#### GOAL OF THE EXERCISE
Restate, exactly and without pictures, the lines from the start of the listing below through the line holding "Одежда невесты на".

(DATA EXCERPT)

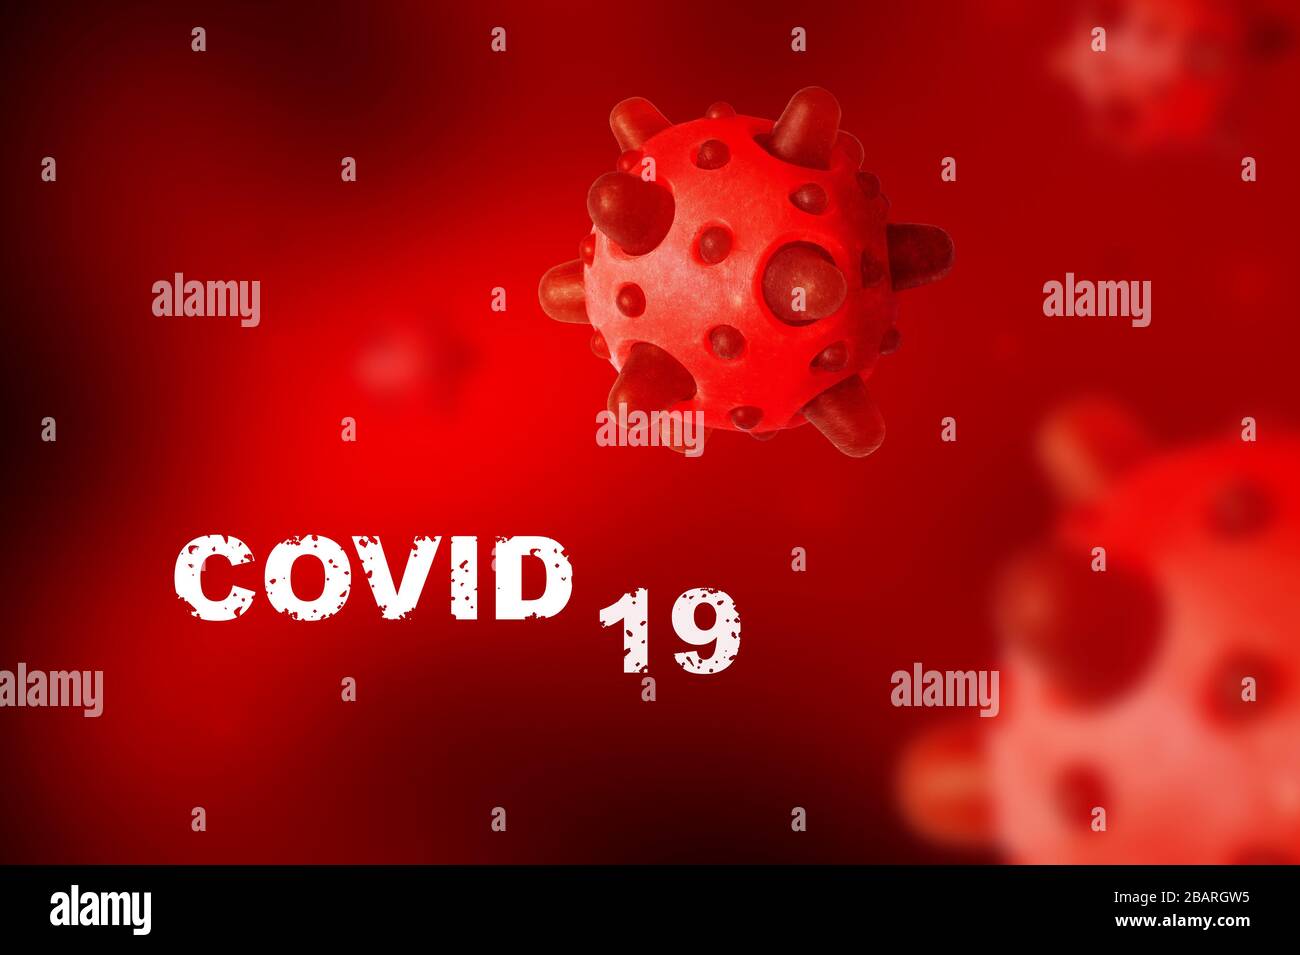 COVID-19-Coronavirus-Banner, mikroskopische Ansicht des SARS-COV-2-Corona-Virus im Blut, 3D-Abbildung. Untersuchung von Coronavirus-Ausbruch und Pandemie. Kon Stockfoto
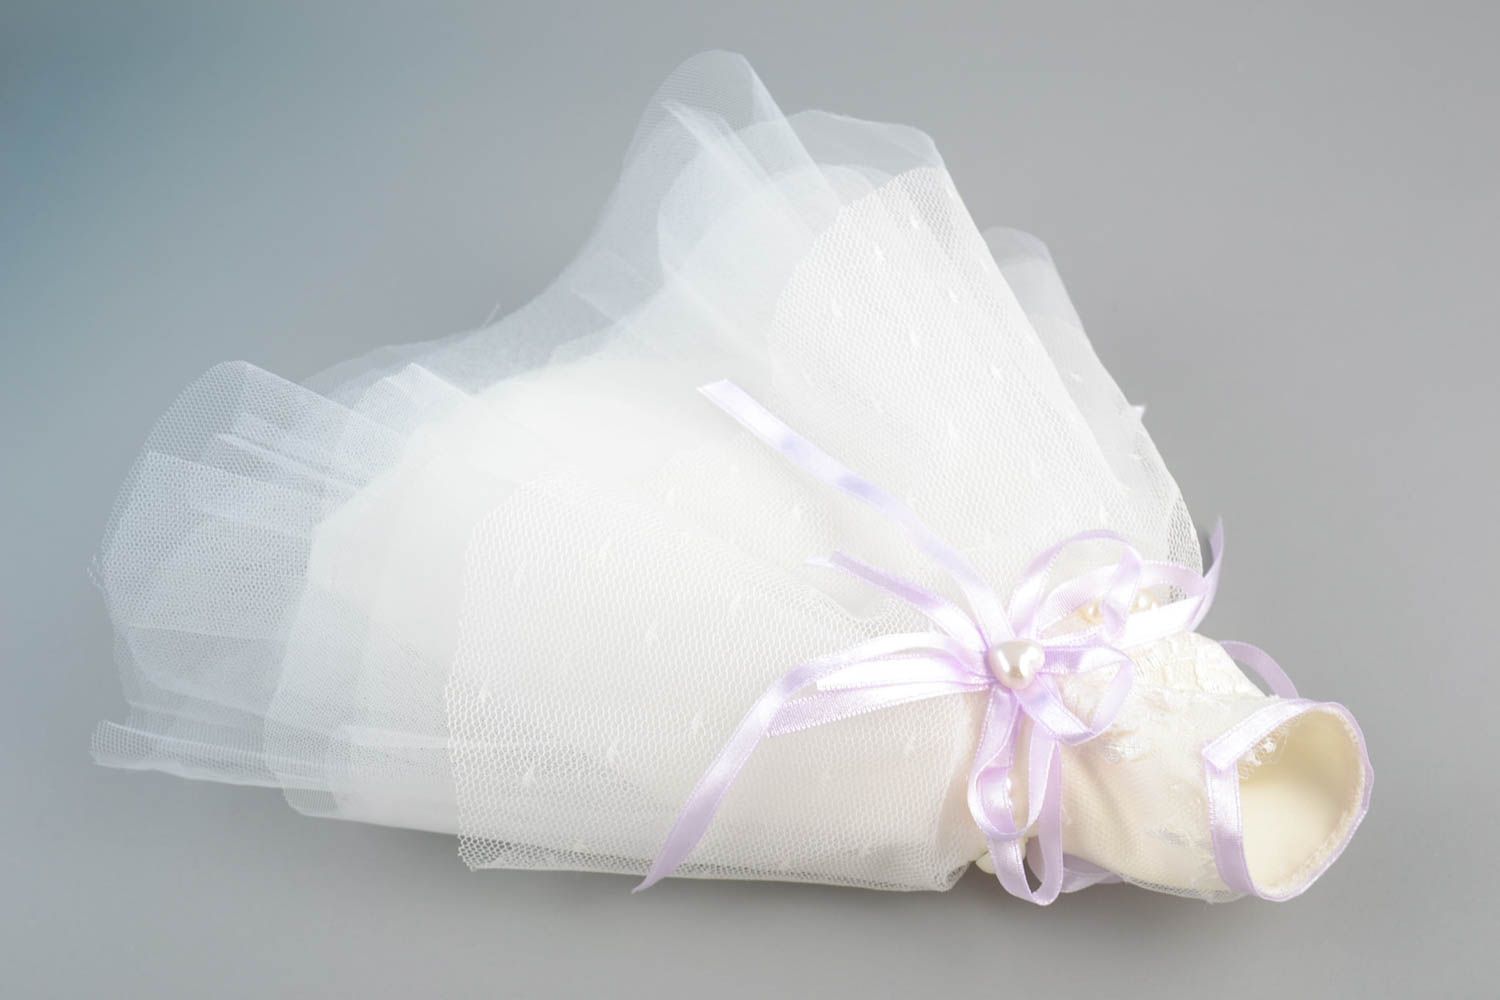 Одежда невесты на бутылку шампанского белая с сиреневым красивая ручной работы фото 3
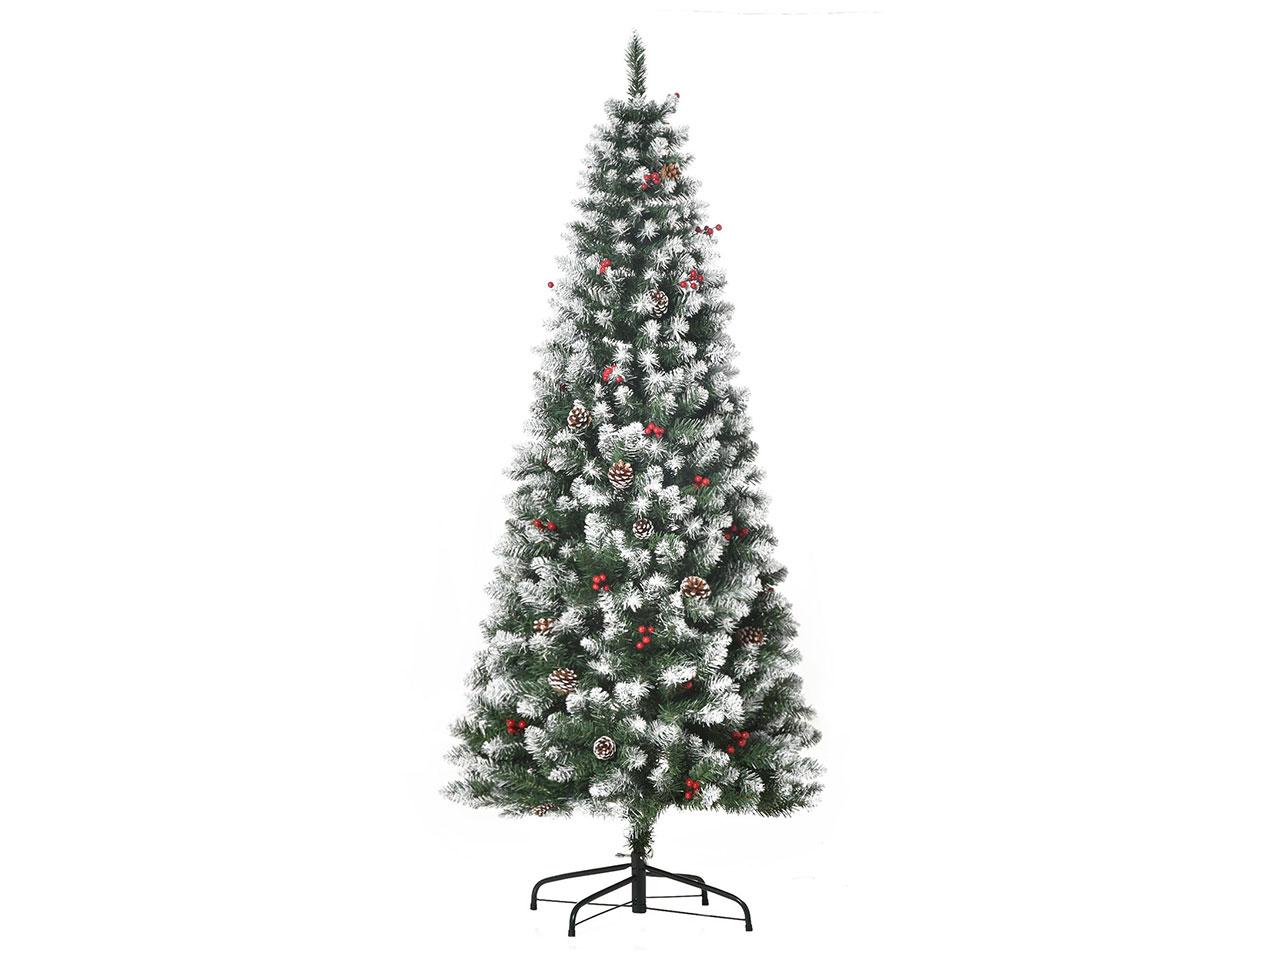 Umělý vánoční stromek 830-382V01, s 618 větvemi, snadná montáž, PVC, kovový, zelený, 65 x 180 cm

(End DATA EXCERPT)

#### SOLUTION TO THIS PROBLEM
 COVID-19-Coronavirus-Banner, mikroskopische Ansicht des SARS-COV-2-Corona-Virus im Blut, 3D-Abbildung. Untersuchung von Coronavirus-Ausbruch und Pandemie. Kon Stockfoto
 Одежда невесты на бутылку шампанского белая с сиреневым красивая ручной работы фото 3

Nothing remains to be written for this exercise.